“We see you haven’t posted anything
on your blog today,” the Association
“Are you from WordPress?” I asked.
“We’ve already told you, we are from
The Association of Ideas.”
“But it’s four in the morning!”
“The internet is a twenty-four/seven culture, my friend. Now, about this blog…”
“I know, I know, didn’t you read the last post? I’ve been ill.”
“Are you suffering from writer’s block?”
“I don’t get that, no, I’ve had ‘Man-flu’.”
They looked at me as if to say ‘Yeah, right…’ and brought out a thick wad of papers bulldog-clipped together which they began flipping through.
“It seems you are creatively overdrawn,” the Rep assessed. “You haven’t made any cultural or social deposits to your brain recently, don’t you feel ashamed?”
“I haven’t had time…”
“Oh, you can make time.”
“I’ve not been up to seeing friends, feeling and looking like this,” I said, blowing my nose for effect.
The Association Rep ignored my pathetic attempt at guilt-tripping and continued to flip through the vast wad of papers. I couldn’t see what was printed on them.
“But I’ve been working really hard too, it’s been difficult with having flu as well,” I said in a huff and sneezed for real. “Oh bastard!”
“You’ve only yourself to blame,” The Rep said, looking up and waving the flapping paper ream in their hand, “If you’d have stuck to your five-a-day stimuli, this would never have happened. What have you been reading?”
“I’ve been too tired.”
“Have you seen any films recently: black & white; or foreign with subtitles, preferably both?”
“Nothing art-house or independent?”
“I’ve only seen a bit of tele…”
“My dear boy, you need cultural roughage, not processed TV pap.”
“Look, I haven’t even left the house all week, except to put the bins out on Wednesday. Oh, and I managed the supermarket on Friday.”
“Hardly the Guggenheim, is it?” the Association Rep gave a withering look. “Have you seen any paintings or photographs that have caused you to tilt your head to one side by the weight of thought the image has provoked?”
I could only hang my head in shame.
“This is worse than I thought, I’ve never seen such a rapid descent into the cultural void, next you’ll be taking your real life experiences from other people’s comments made on Facebook or reader’s letters at the back of women’s magazines. You need to get creatively fit again.”
“By getting out there and experiencing this wonderful world of ours first hand, stop all this work, work, work – you’ll make yourself ill again.”
The Association Rep had a point.
“And start writing again, you know you only get miserable if you don’t write. I want to see a great blog post here next week.”
“Or else…” the Rep threatened.
“Or else what?”
“Or else we’ll start posting embarrassing memories from your childhood online instead.”

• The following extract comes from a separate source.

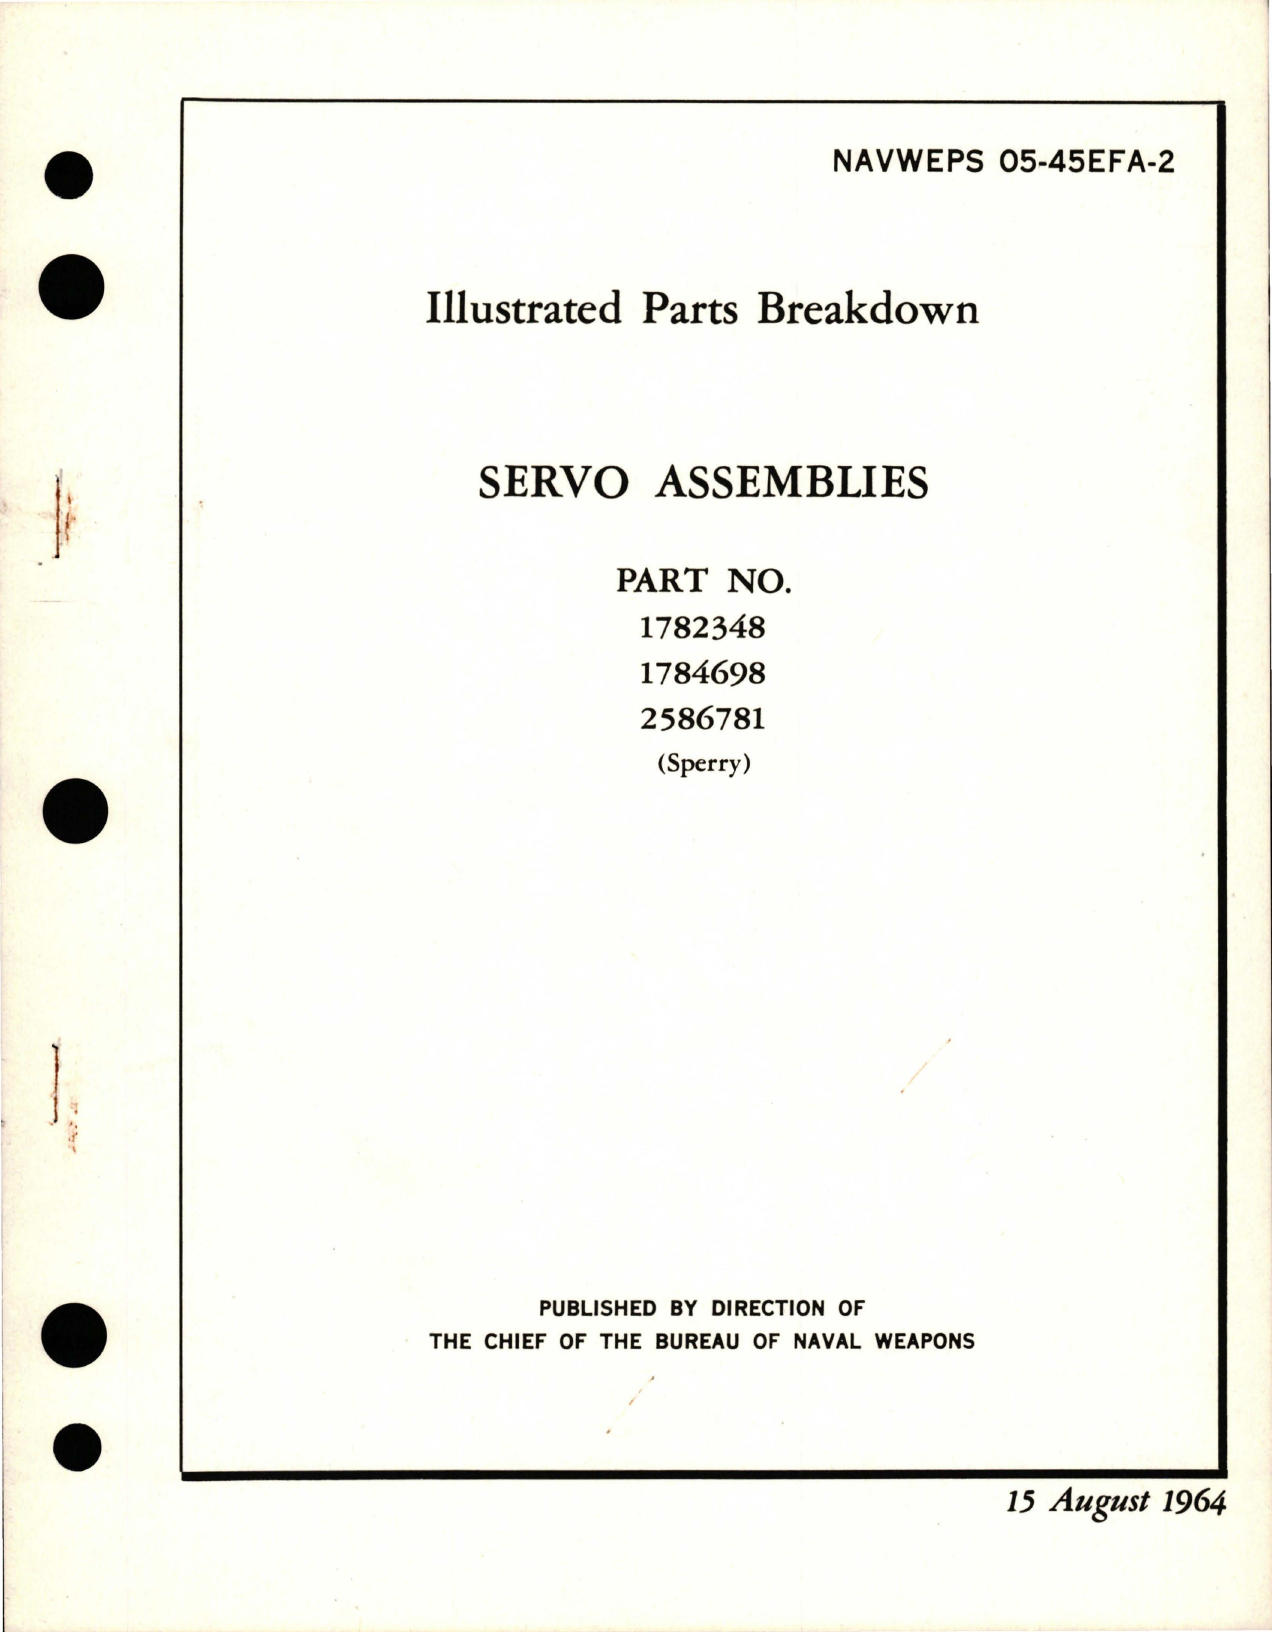 Sample page 1 from AirCorps Library document: Illustrated Parts Breakdown for Servo Assemblies - Parts 1782348, 1784698, and 2586781

“Oh no, not the one where I gave myself a medieval pudding bowl haircut when I was ten?”
“That we didn’t know about, but thank you, if you don’t come up with something good next week that’s the first story that’ll be going up.”
I sat bolt upright. That was embarrassing.
“Now, if I were you I’d stop worrying about the past and relax and get some sleep, tomorrow’s a big day, you’ll start writing again.”
So, I slumped back on to my pillow, closed my eyes and drifted back into the Land of Nod, where The Association of Ideas left me to my dreams.
Ever had The Association of Ideas visit you in the middle of the night?